Selon elle, cette pratique de proposer aux malades de « rentrer chez eux » au bout de deux mois de séjour est courante dans cet hôpital turc. Non seulement, le médecin, auteur du « faux diagnostic » voulait la priver de la « thérapie ciblée américaine » pour lui imposer une « chimio » qui n’est pas appropriée pour son cas, mais il a pris sa décision de la renvoyer en Algérie « unilatéralement », sans se référer au colloque médical, ce qui constitue une « faute professionnelle grave ».
Or, une telle décision ne peut se faire sans l’aval de la CNAS. Elle affirme que dans cet hôpital turc, « il y a en effet de bons médecins qui y exercent mais il y a aussi de mauvais qui font des erreurs de diagnostic comme ce fût le cas pour moi. Et je ne suis pas un cas isolé (…)Comment expliquer que l’hôpital qui reçoit des malades ayant bénéficié d’une prise en charge de la CNAS soient invités, je dis bien “invités” à repartir chez eux un mois et demi après leur arrivée, donc à peine leurs soins entamés ?? », s’offusque-t-elle.
Revenue au pays, la journaliste, au courage admirable, a réintégré le CPMC d’Alger pour poursuivre les soins auprès de ses oncologues algériens « irréprochables ».
Elle a également présenté un rapport détaillé sur ses péripéties en Turquie et un rapport médical. Mais la patiente ne semble pas être au bout de ses peines : il ne lui reste que quelques semaines pour épuiser ses doses de Trodelvy, achetées au prix fort par l’Algérie que l’hôpital turc a mis du temps pour lui donner.

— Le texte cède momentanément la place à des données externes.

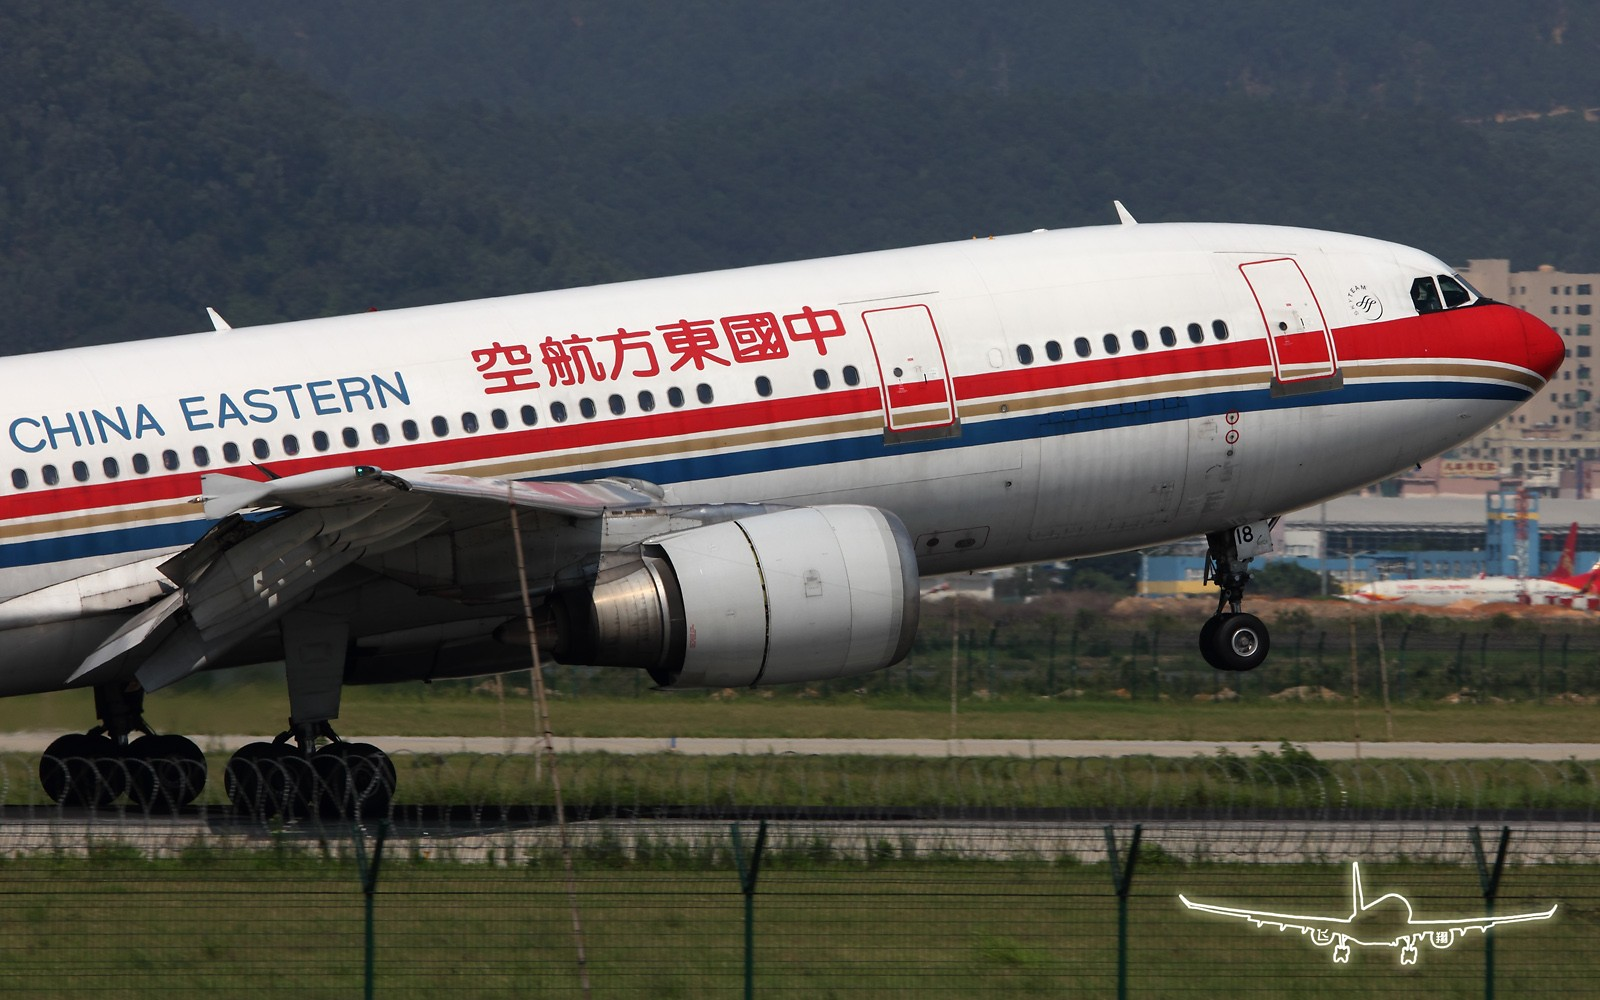 Re:[原创]★ ★ ★ ★ ★  看这AB6的仰角,想玩擦尾吗? ★ ★ ★ ★ ★ AIRBUS A300-B4-600R B-2318 中国深圳宝安机场
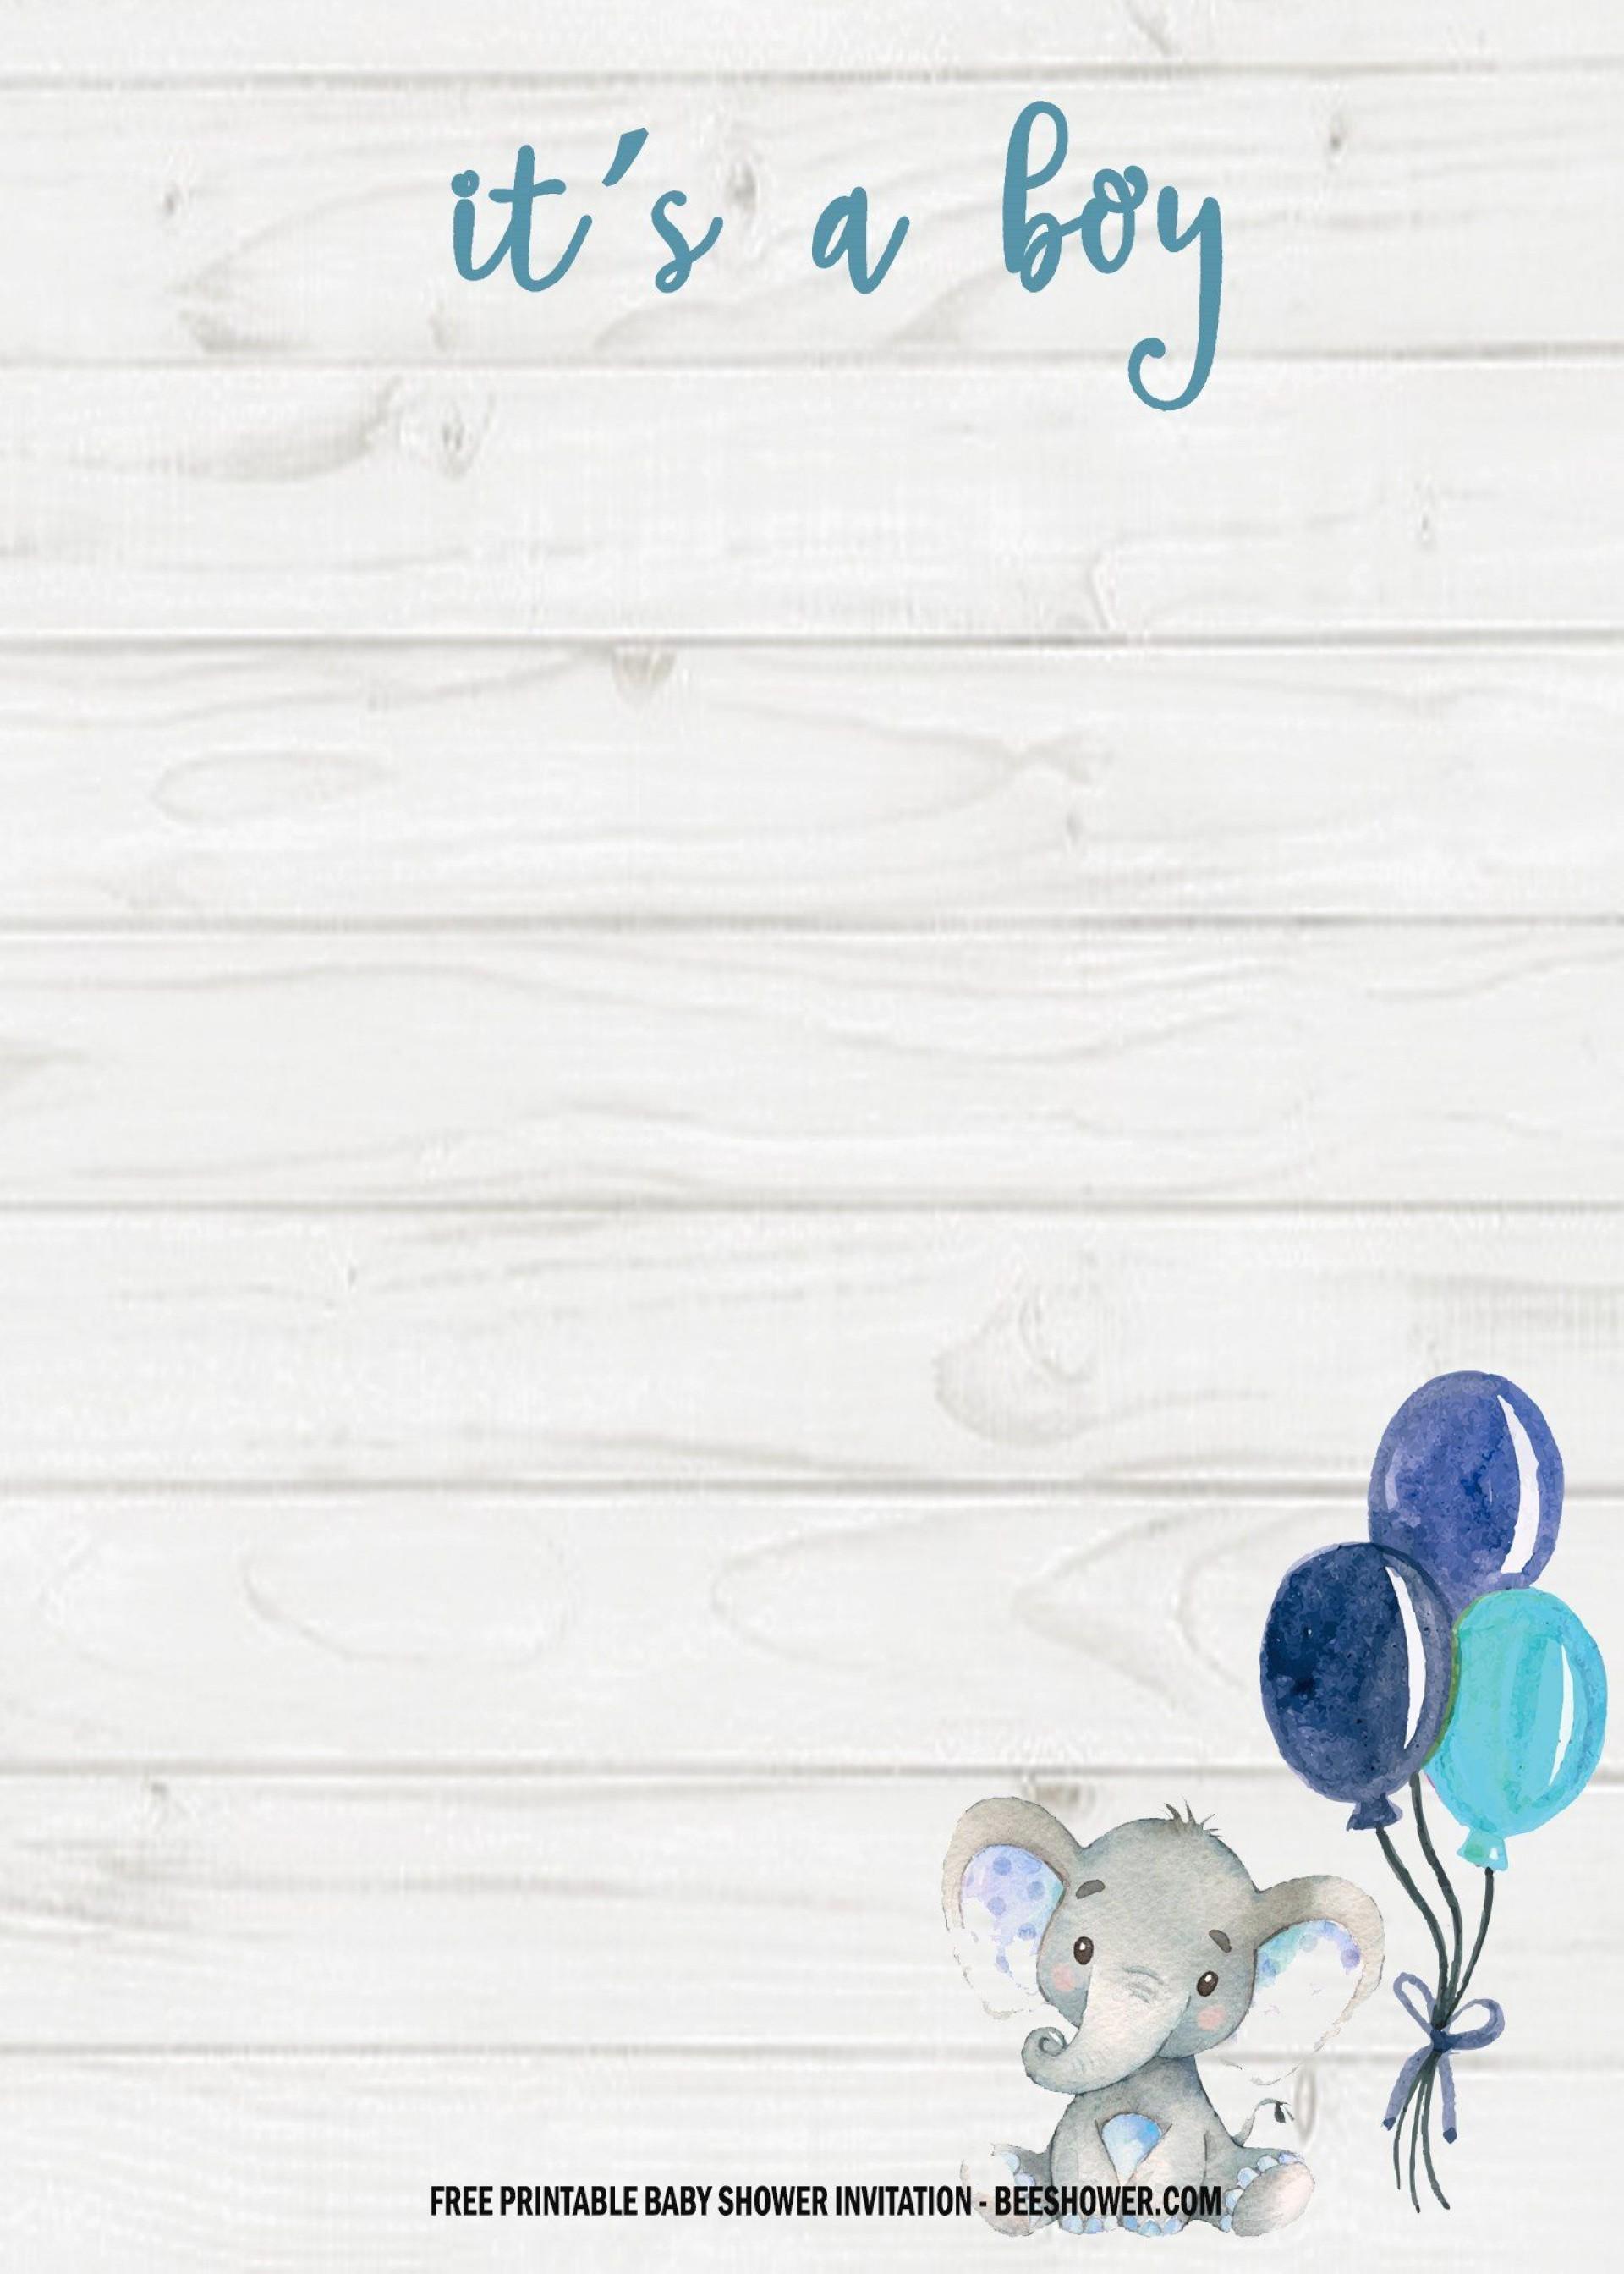 006 Marvelou Elephant Baby Shower Invitation Template Example  Templates Free Pdf Boy1920

Cancer du sein en Algérie : le courageux combat d’une femme
« J’en ai pour moins d’un mois et je dois donc repartir en urgence sans quoi mon cancer va se généraliser », prévient-elle, non sans s’interroger sur le maintien d’une convention avec un établissement turc qui aurait ouvert un bureau à Alger.
« S’il n’y a aucune obligation de résultat, pourquoi l’Algérie a-t-elle signé une convention avec cet hôpital ?? », interroge-t-elle.
Au CPMC d’Alger où elle salue le sacrifice et l’expertise du corps paramédical « toujours aux petits soins avec les malades », Neikhla Larbi souligne que «ceux qui travaillent, avec nous, les cancéreux sont saturés, dépassés et impuissants ! ».
« Il faut faire des visites inopinées ou carrément être directement concerné par le cancer (parce que nul n’est à l’abri et beaucoup pensent qu’ils sont intouchables) pour toucher du doigt la réalité », clame-t-elle.
Mais au-delà de ce constat ahurissant, cette mère de trois adolescents orphelins de père, s’interroge sur le suivi de la mise en œuvre des instructions présidentielles concernant la prise en charge de cette pathologie.
« Qui est chargé de contrôler sur le terrain si les instructions du Président de la République sont suivies d’effet ? », se demande-t-elle.
« Le Président de la République sait-il combien on est à se rendre régulièrement à l’hôpital pour recevoir notre traitement et à s’entendre dire que notre médicament ( de la chimio orale ou d’autres médicaments qui nous sont vitaux) sont en rupture de stock ? », s’interroge-t-elle encore.
Pour elle, il faut se rendre à la triste évidence de la réalité : beaucoup de patientes atteintes du cancer perdent la vie parce que prises dans les mailles d’une prise en charge labyrinthique où les moyens font défaut.
« Entre la théorie et la pratique, il y a des centaines d’entre nous qui meurent chaque jour parce que rien n’est fait pour nous guérir et que la dose de stress que nous recevons au quotidien accélère notre mise en terre », regrette-t-elle.